Convergent origin and accelerated evolution of vesicle-associated RhoGAP proteins in two unrelated parasitoid wasps

Animal venoms and other protein-based secretions that perform a variety of functions, from predation to defense, are highly complex cocktails of bioactive compounds. Gene duplication, accompanied by modification of the expression and/or function of one of the duplicates under the action of positive selection, followed by further duplication to produce multigene families of toxins is a well-documented process in venomous animals.
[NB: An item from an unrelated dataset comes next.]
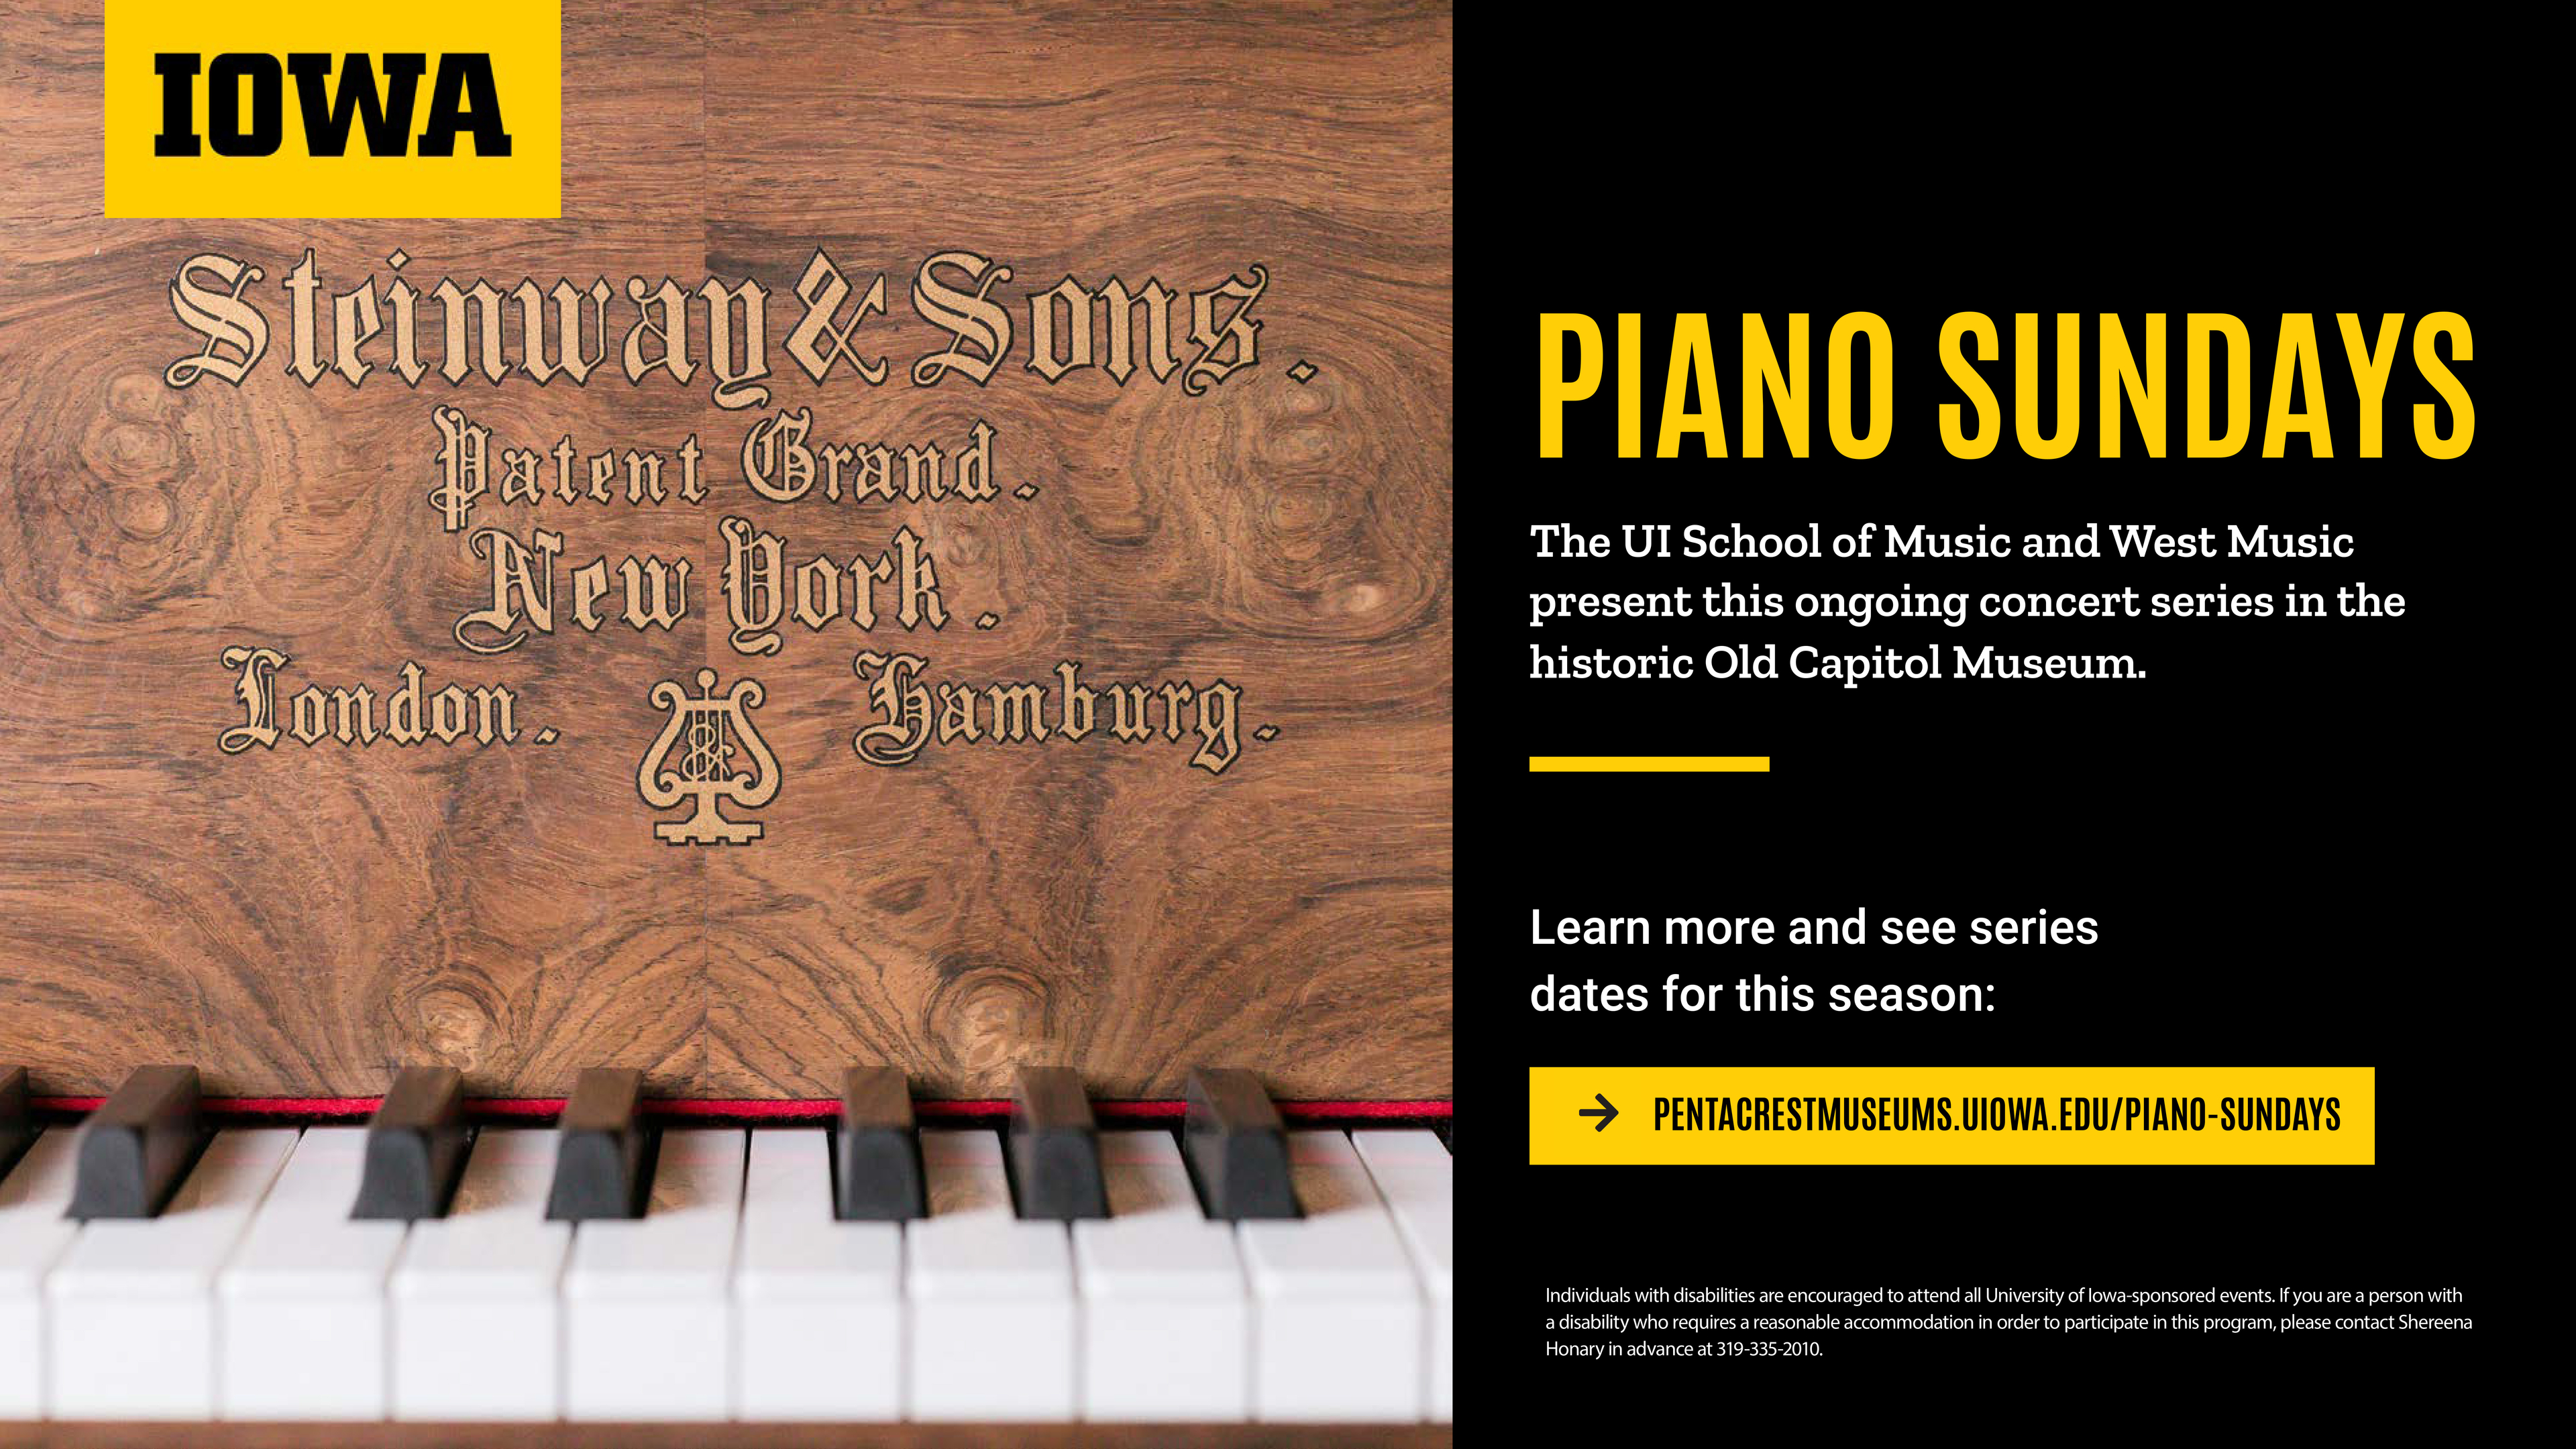 Piano Sundays series at the Old Capitol Museum
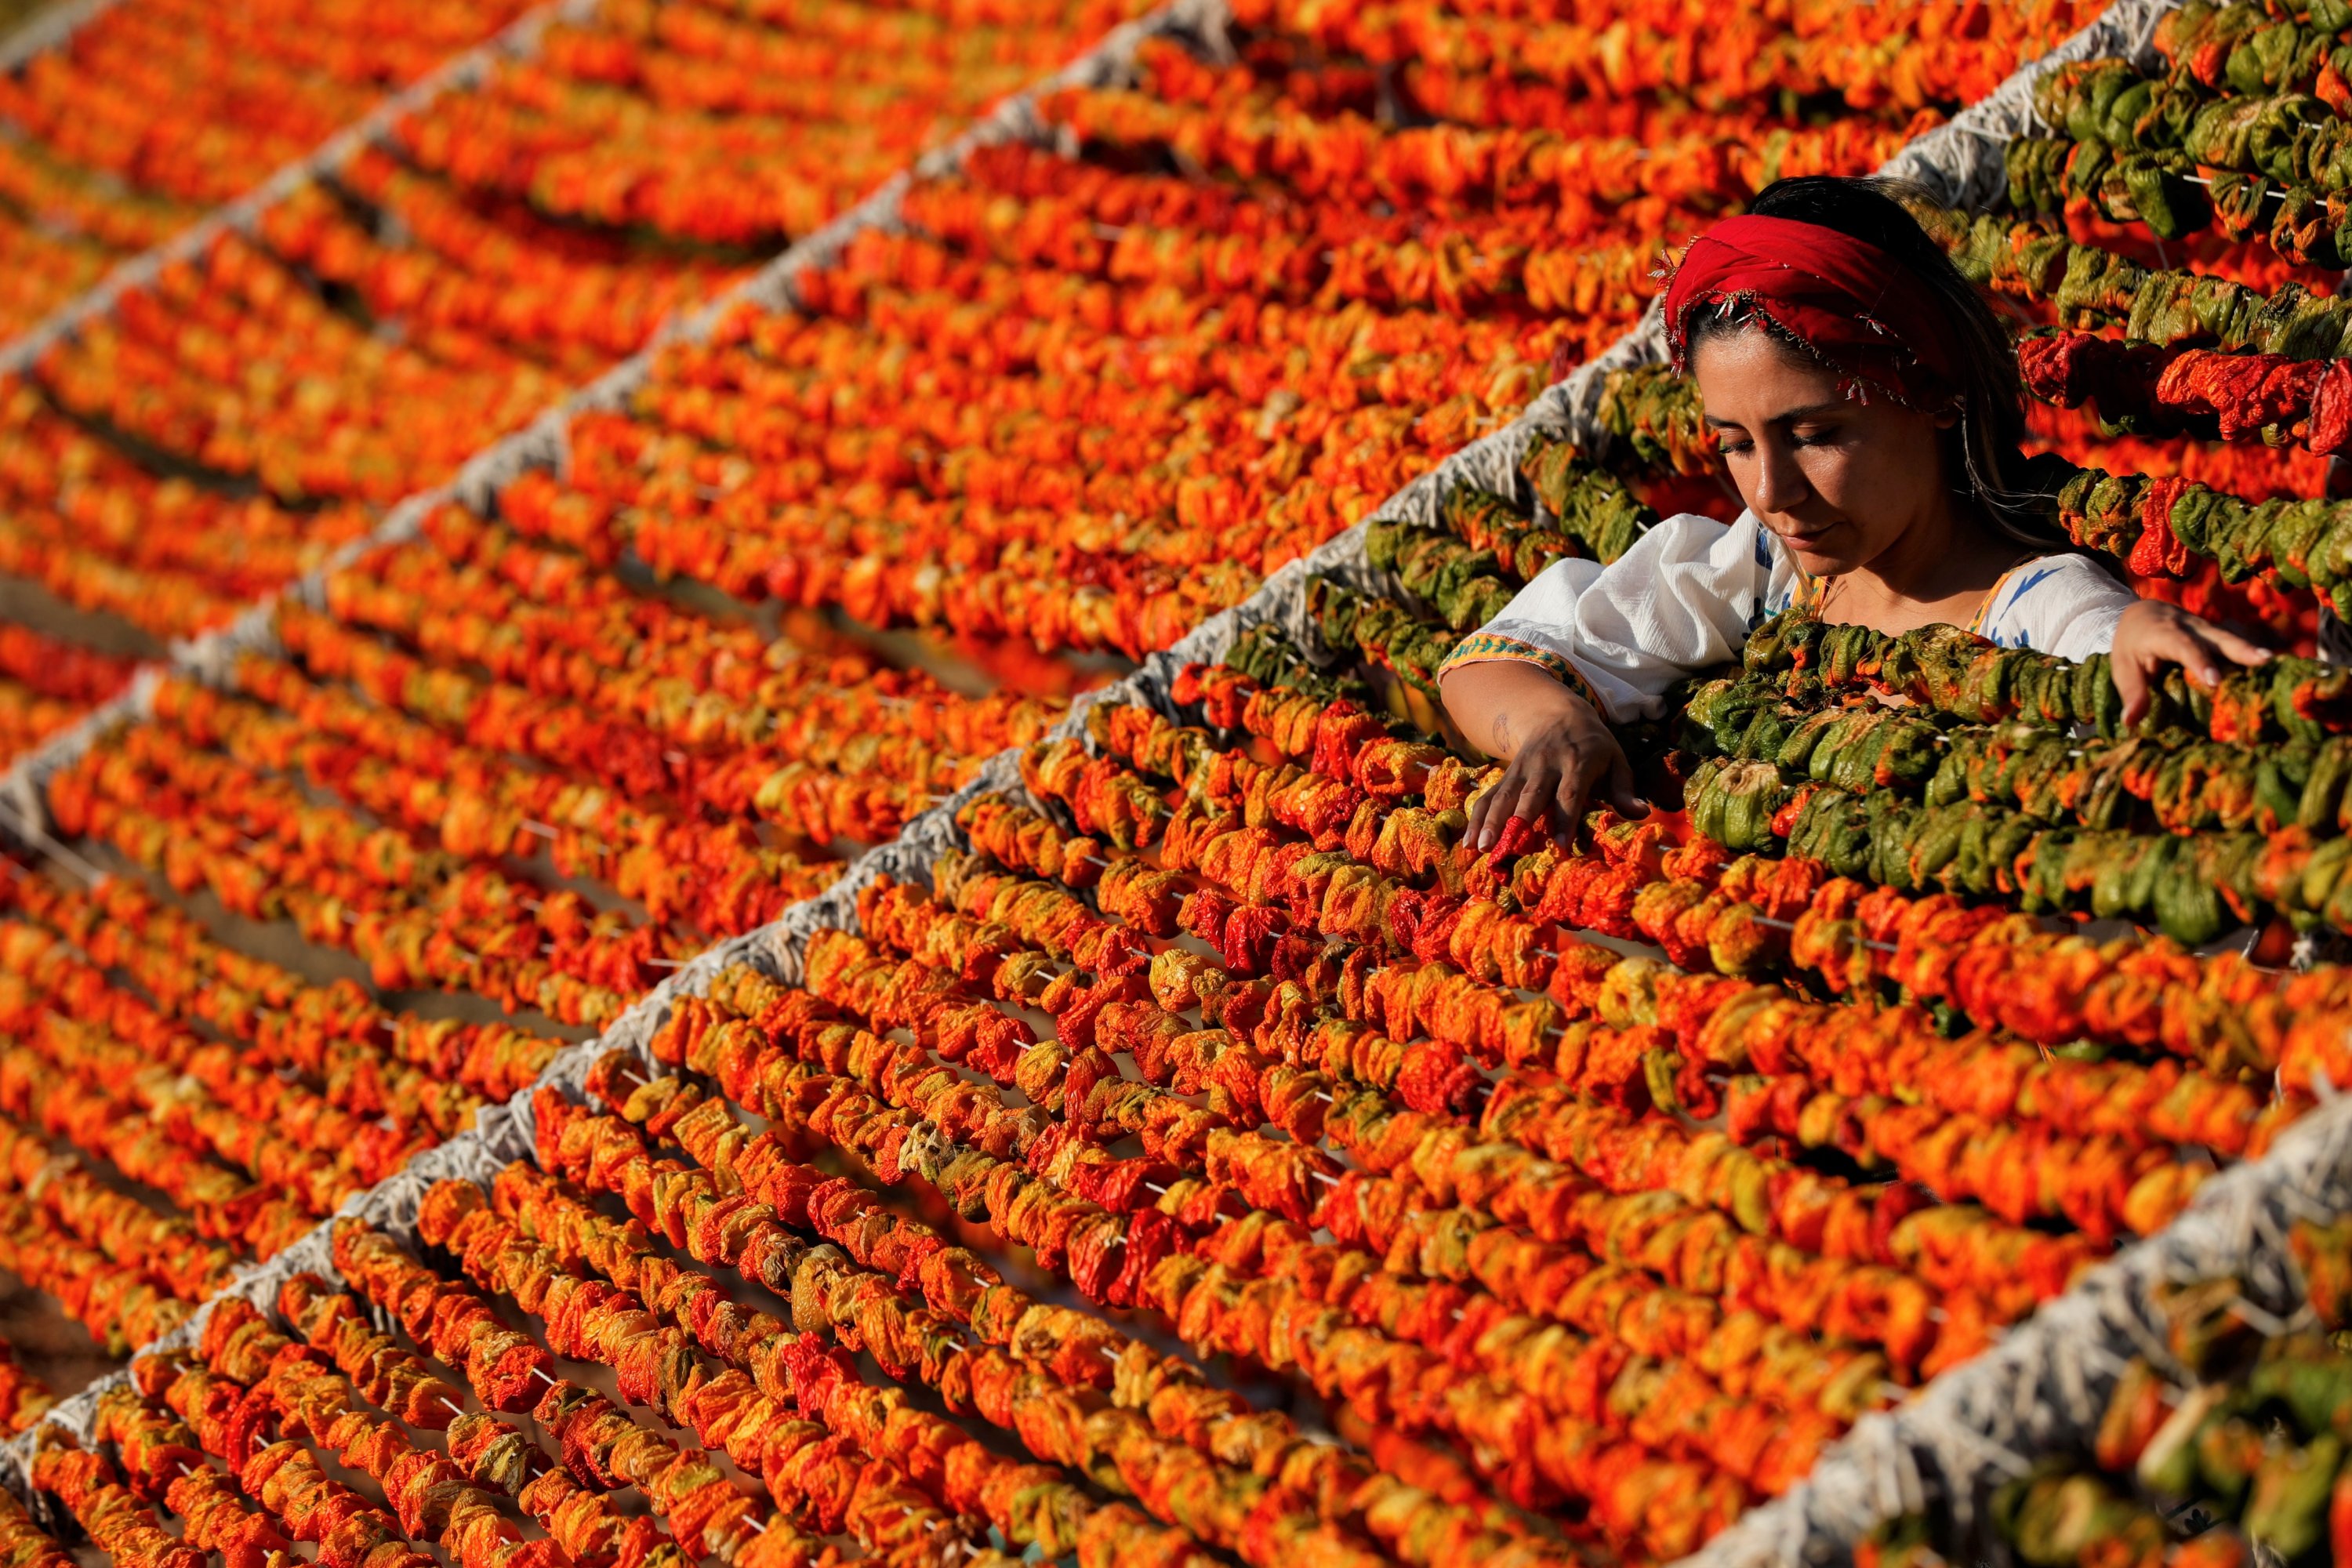 A woman examines produce drying in the sun in southeastern Gaziantep province, Turkey, July 22, 2020. (AA Photo)

This evolutionary model has been less described in parasitoid wasps, which use maternal fluids, including venom, to protect their eggs from encapsulation by the host immune system. Here, we evidence the convergent recruitment and accelerated evolution of two multigene families of RhoGAPs presumably involved in virulence in two unrelated parasitoid wasp species, Leptopilina boulardi (Figitidae) and Venturia canescens (Icheumonidae). In both species, these RhoGAPs are associated with vesicles that act as transport systems to deliver virulence factors, but are produced in different tissues: the venom gland in Leptopilina sp. and the ovarian calyx in V. canescens . We show that the gene encoding the cellular RacGAP1 is at the origin of the virulent RhoGAP families found in Leptopilina sp. and V. canescens . We also show that both RhoGAP families have undergone evolution under positive selection and that almost all of these RhoGAPs lost their GAP activity and GTPase binding ability due to substitutions in key amino acids. These results suggest an accelerated evolution and functional diversification of these vesicle-associated RhoGAPs in the two phylogenetically distant parasitoid species. The potential new function(s) and the exact mechanism of action of these proteins in host cells remain to be elucidated. ### Competing Interest Statement The authors have declared no competing interest.